§ **What you need to do**
Every line of the listing below must be printed again exactly, apart from its pictures.

§ **Data excerpt**

⟨

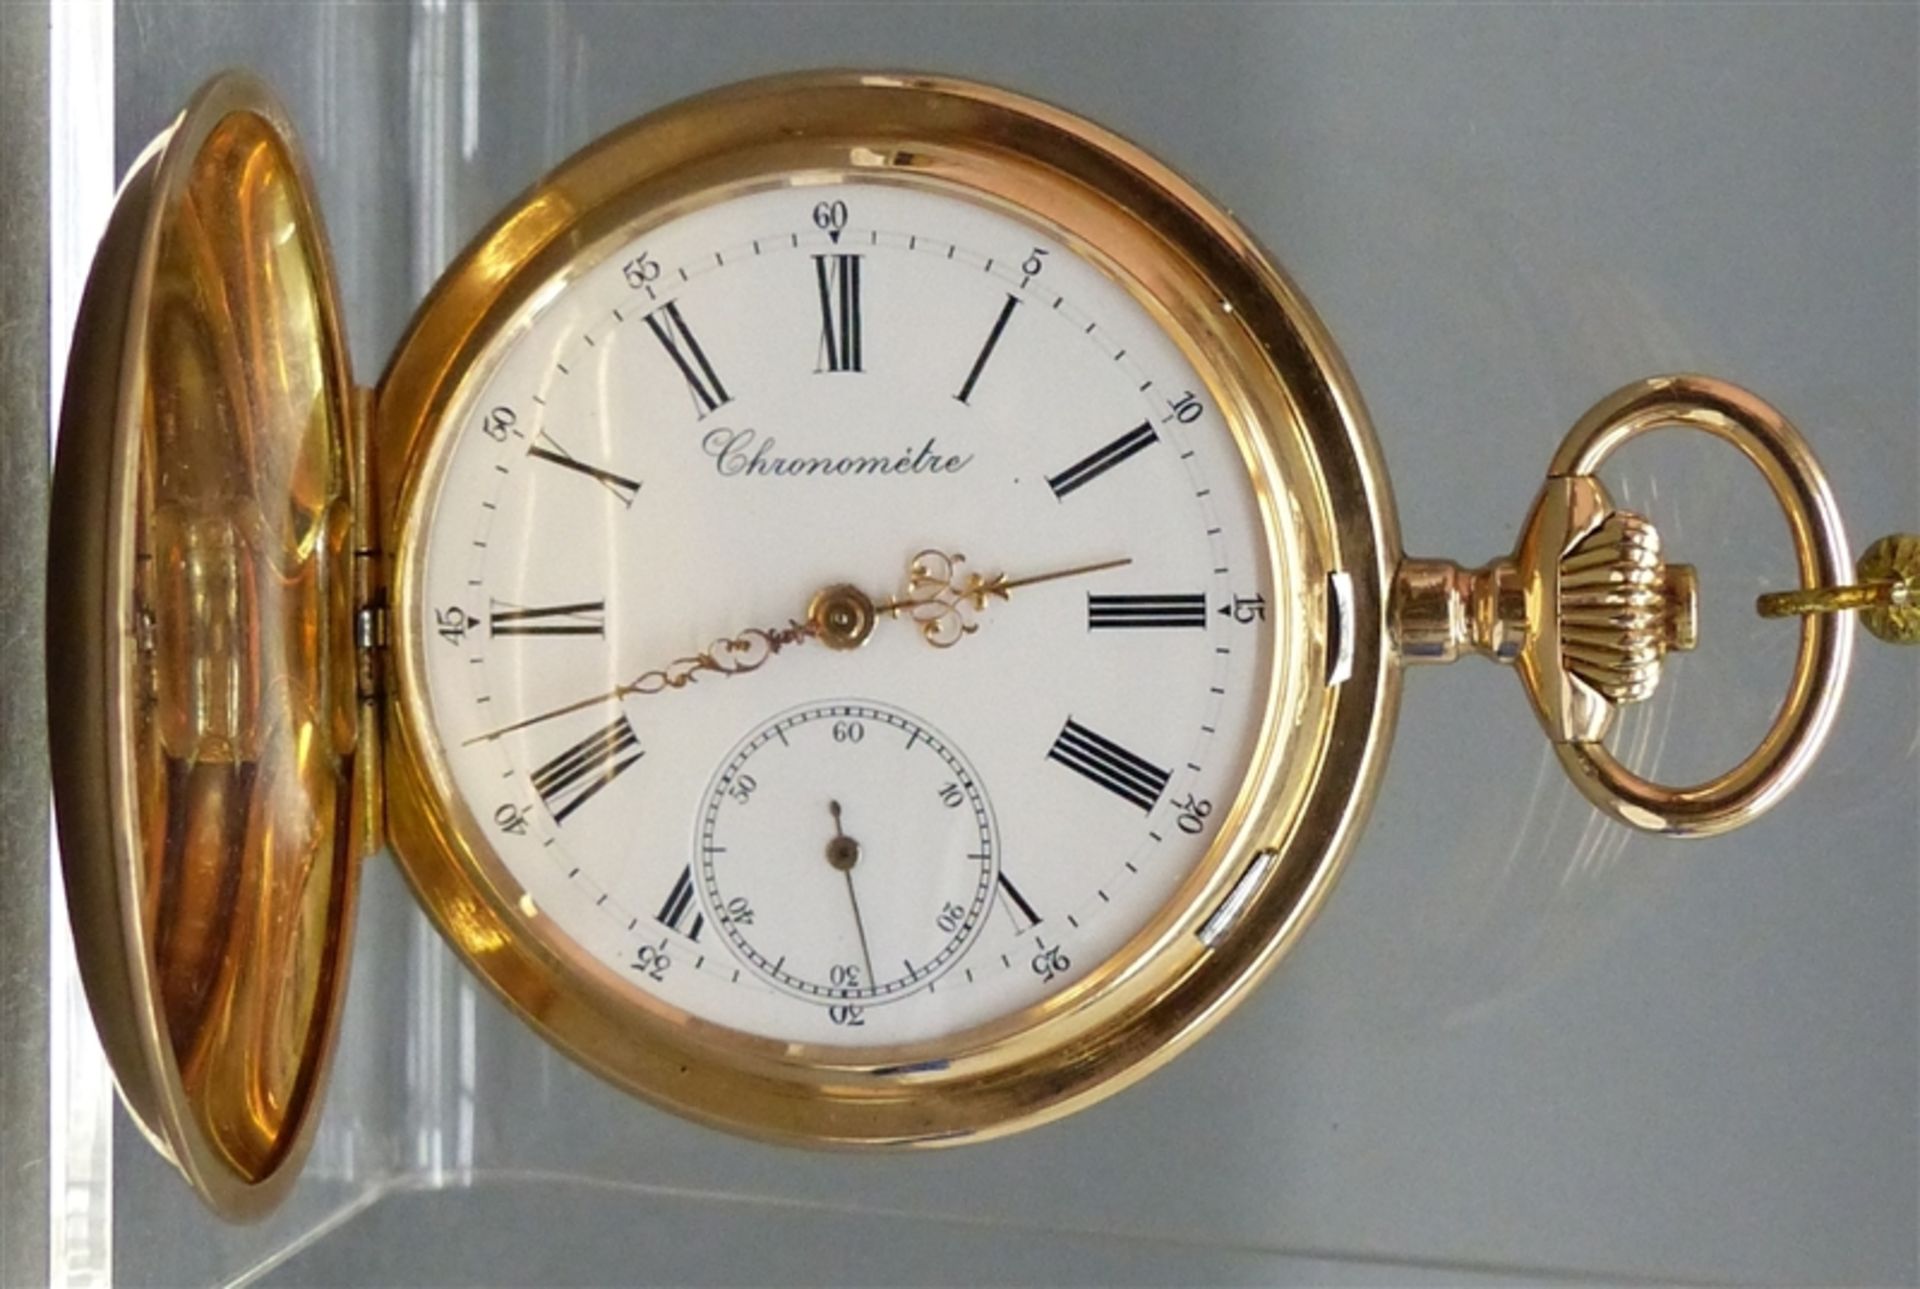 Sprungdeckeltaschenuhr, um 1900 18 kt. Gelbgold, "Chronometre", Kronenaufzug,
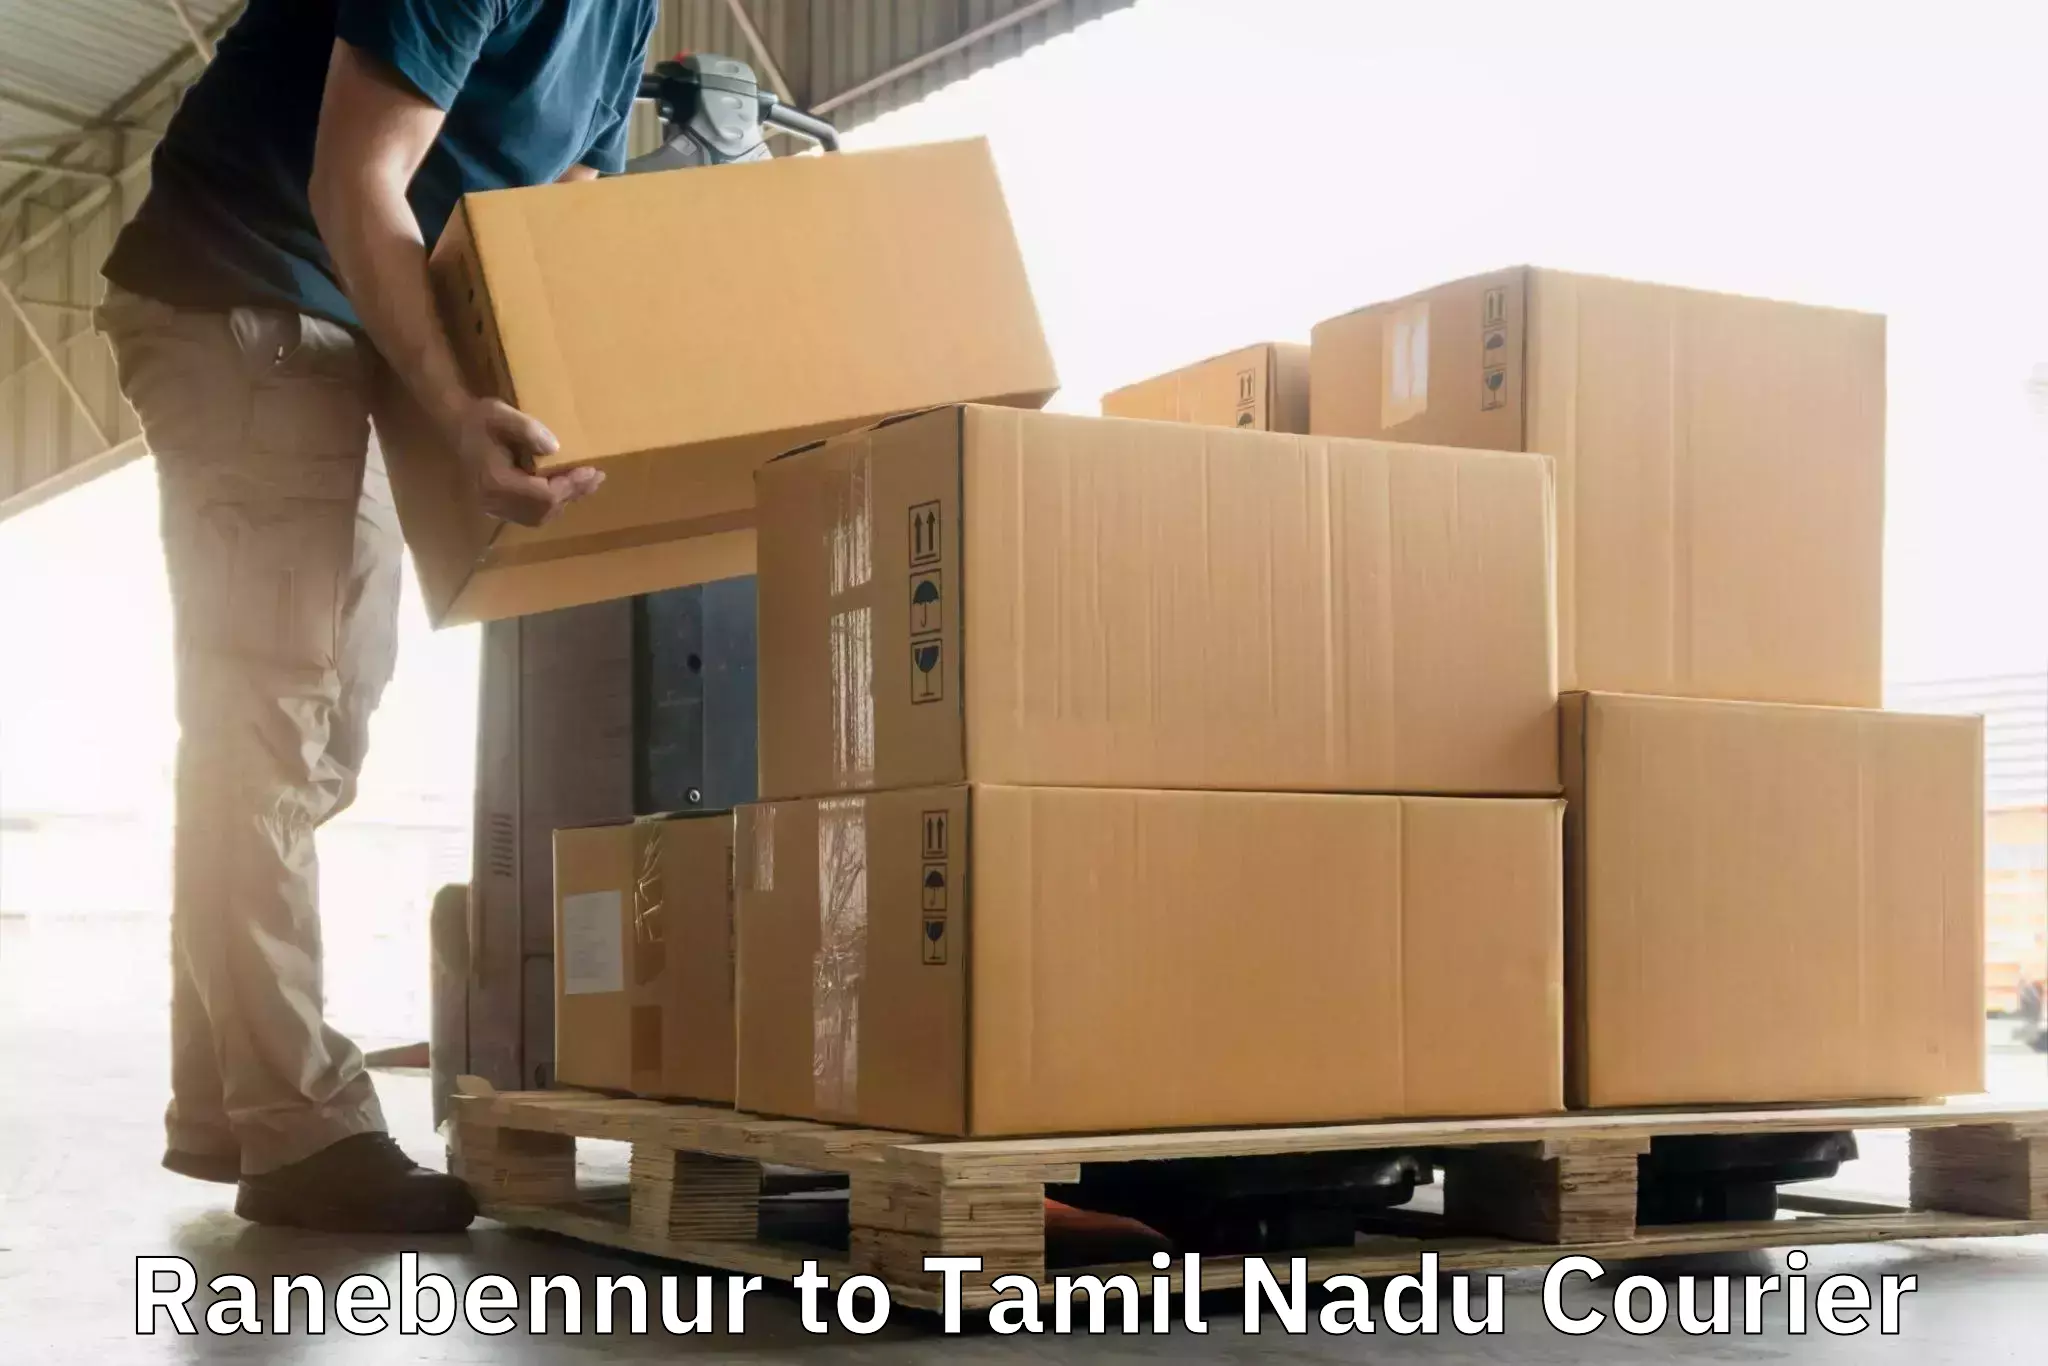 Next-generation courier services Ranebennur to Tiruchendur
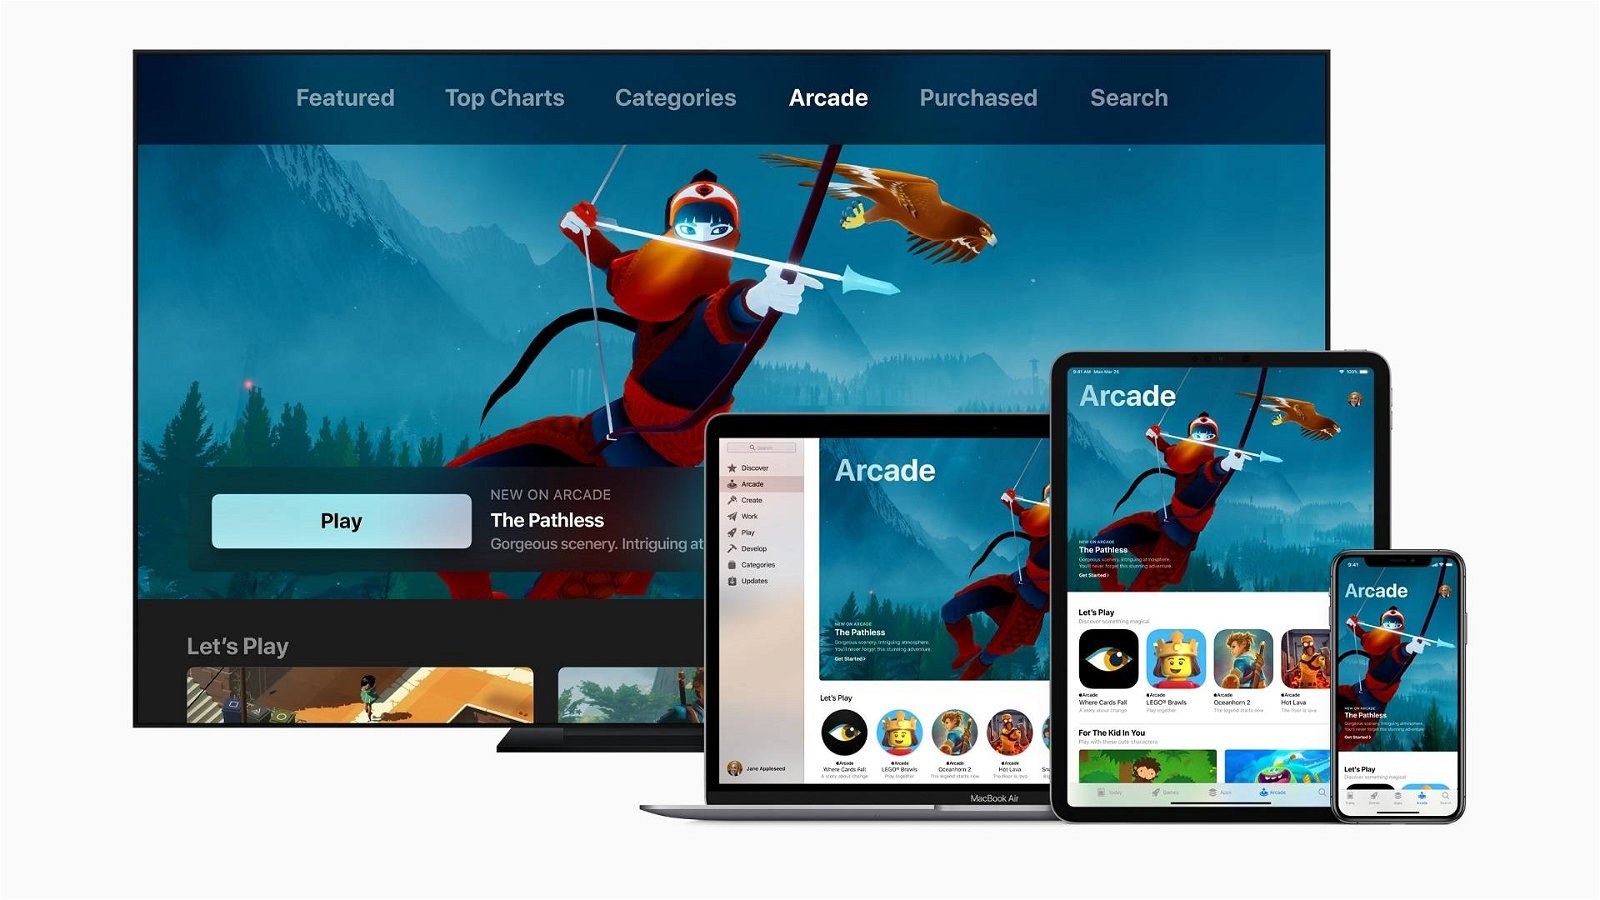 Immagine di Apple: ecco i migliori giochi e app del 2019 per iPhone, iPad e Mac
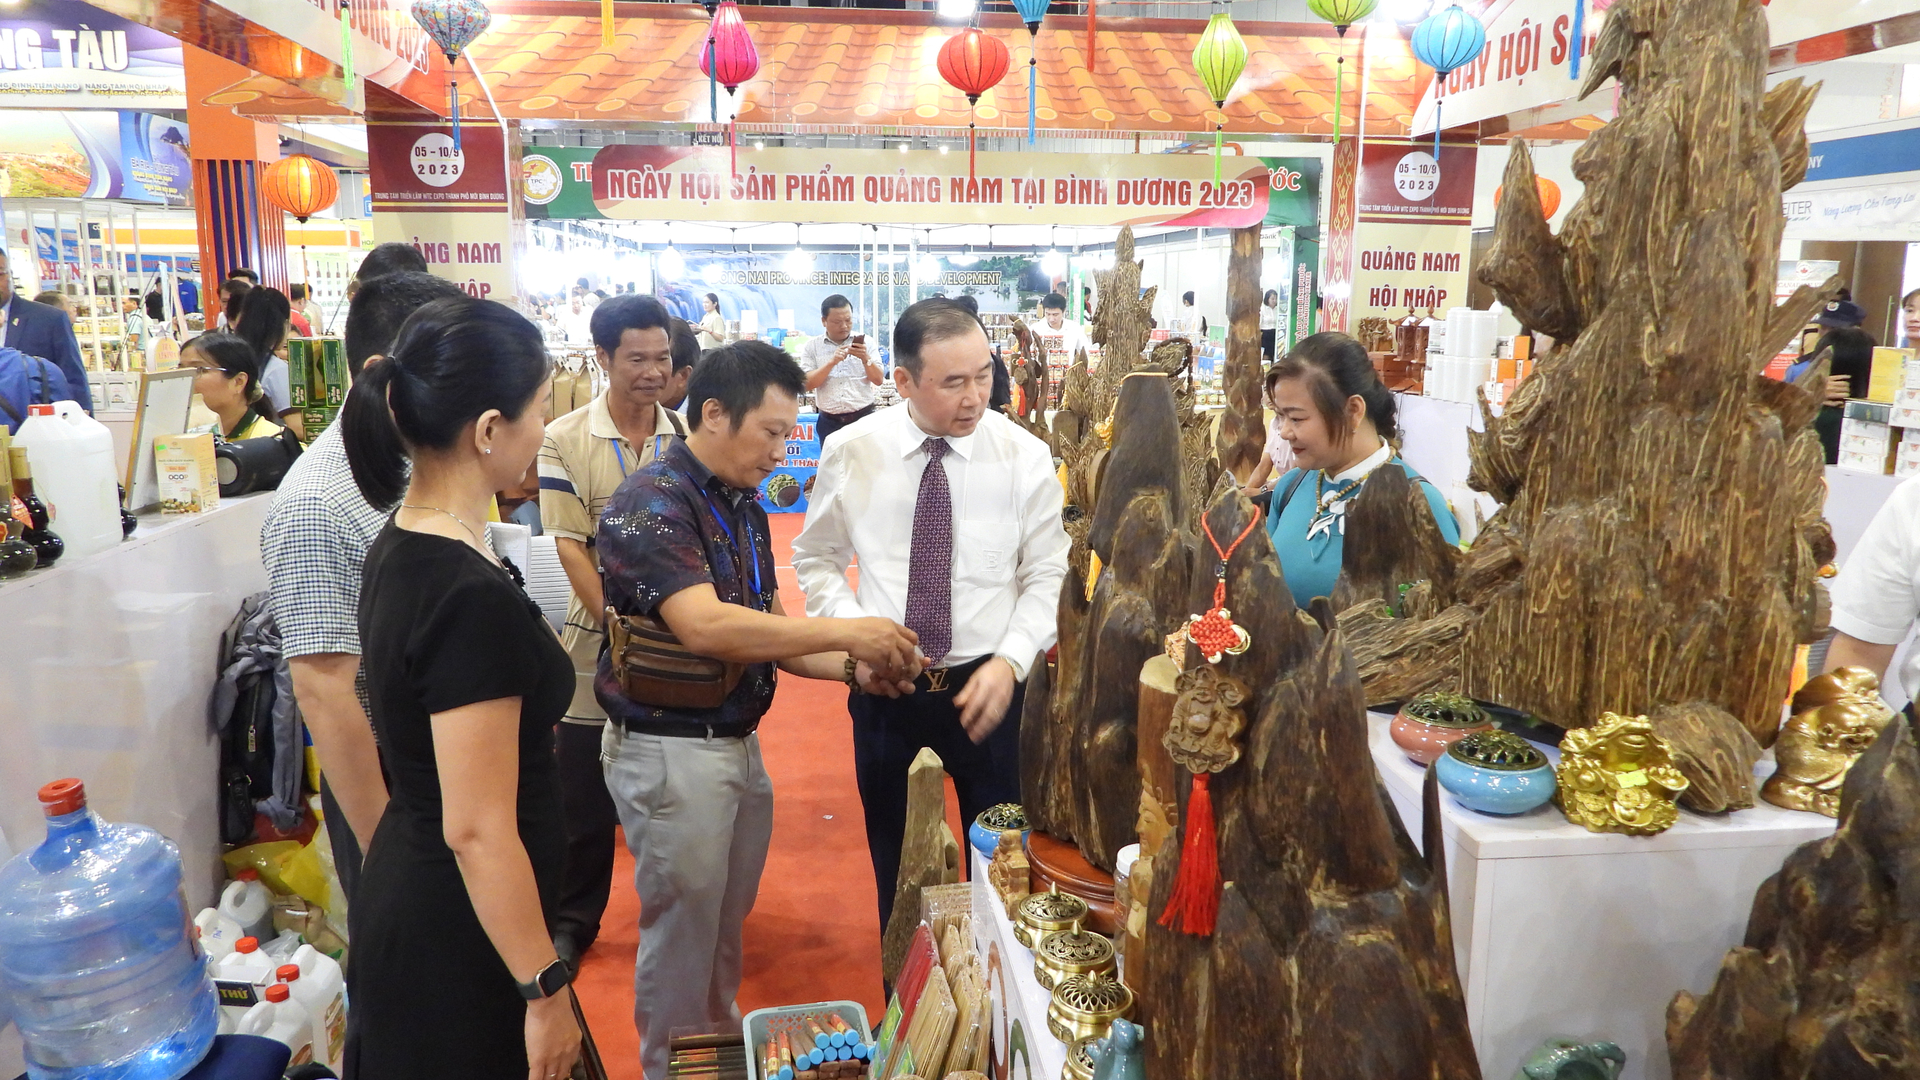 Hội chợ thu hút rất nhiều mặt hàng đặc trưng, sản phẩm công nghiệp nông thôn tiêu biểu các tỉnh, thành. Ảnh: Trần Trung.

⟩

§ **Result for this task**
 Sprungdeckeltaschenuhr, um 1900 18 kt. Gelbgold, "Chronometre", Kronenaufzug,
 Next-generation courier services Ranebennur to Tiruchendur
 Immagine di Apple: ecco i migliori giochi e app del 2019 per iPhone, iPad e Mac
 Hội chợ thu hút rất nhiều mặt hàng đặc trưng, sản phẩm công nghiệp nông thôn tiêu biểu các tỉnh, thành. Ảnh: Trần Trung.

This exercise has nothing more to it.